> _TRY IT_: Of the entries below, return only those lines from the line with "Mercedes CL interior" to the line with "Nike Dunk High Laser Orange", exactly, both included.

> _EXERCISE DATA_:
- - - - -

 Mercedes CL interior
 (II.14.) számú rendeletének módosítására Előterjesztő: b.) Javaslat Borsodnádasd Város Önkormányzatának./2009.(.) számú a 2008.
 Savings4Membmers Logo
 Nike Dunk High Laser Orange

- - - - -

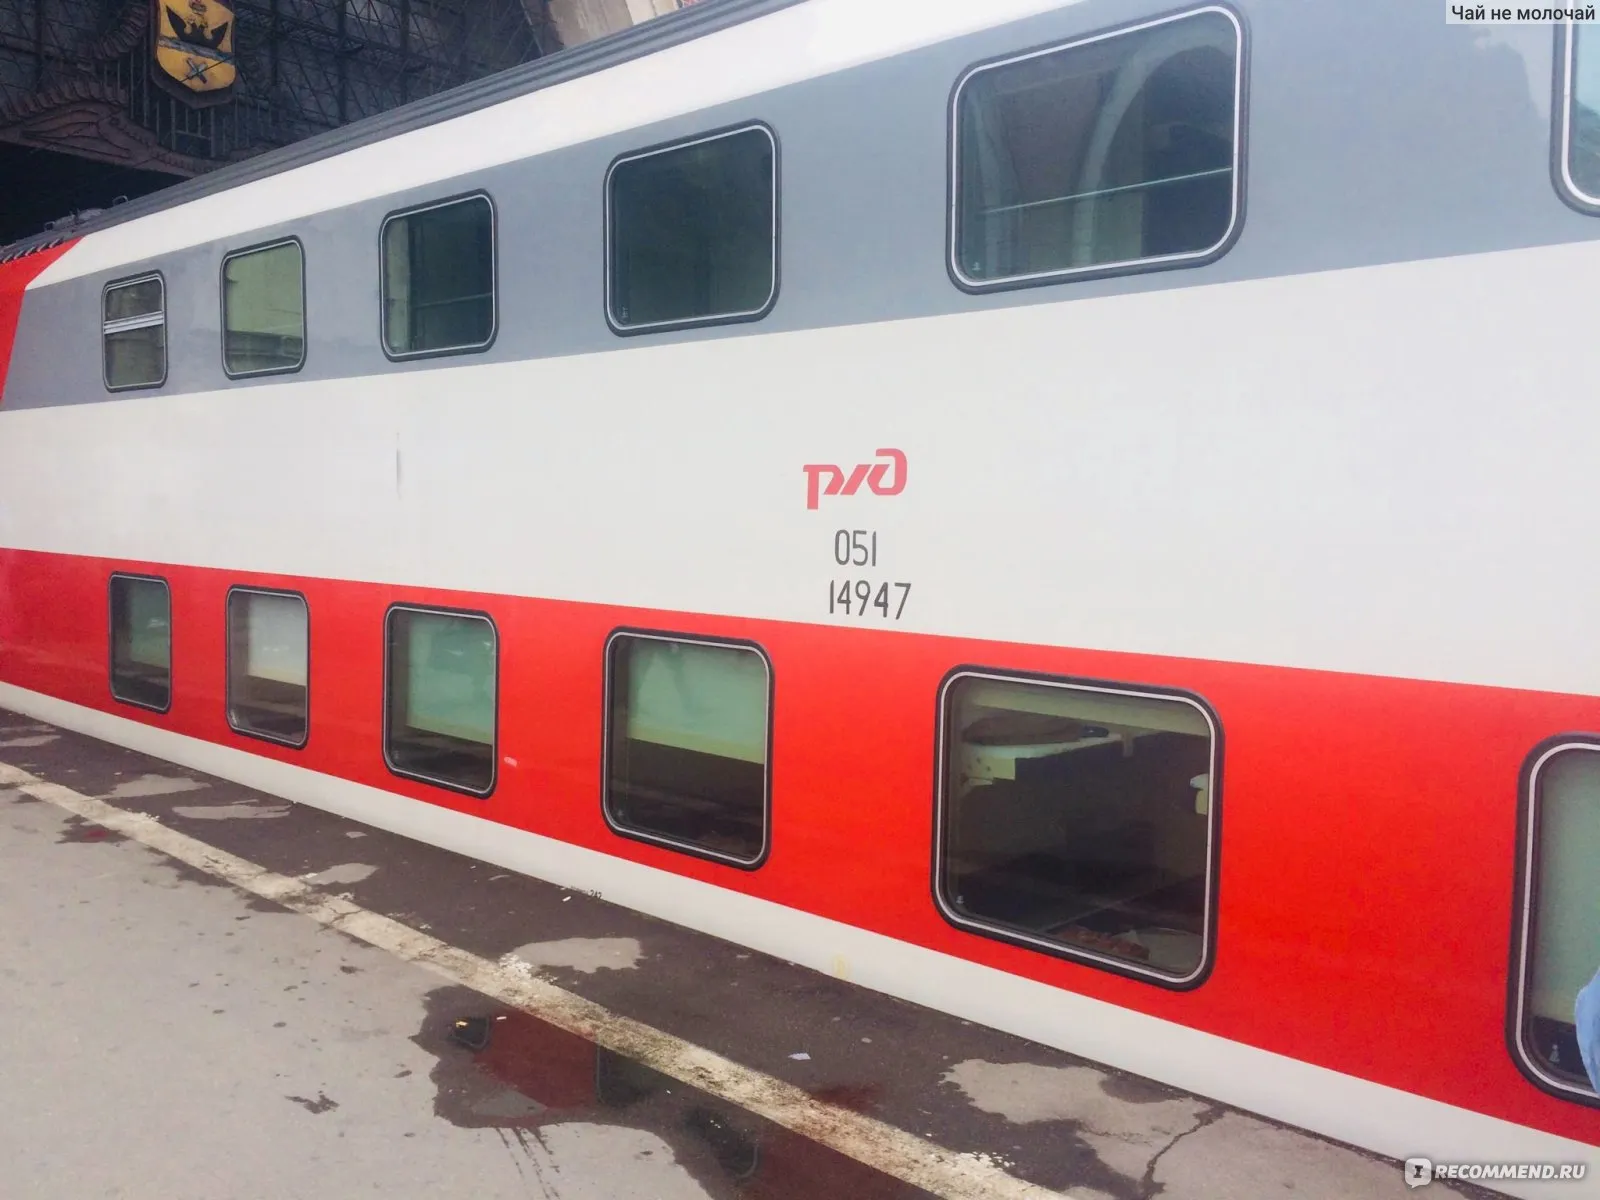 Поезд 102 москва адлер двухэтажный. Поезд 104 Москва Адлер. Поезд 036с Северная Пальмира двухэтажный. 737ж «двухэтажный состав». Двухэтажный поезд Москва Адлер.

- - - - -

> _ANSWER BELOW_:
 Mercedes CL interior
 (II.14.) számú rendeletének módosítására Előterjesztő: b.) Javaslat Borsodnádasd Város Önkormányzatának./2009.(.) számú a 2008.
 Savings4Membmers Logo
 Nike Dunk High Laser Orange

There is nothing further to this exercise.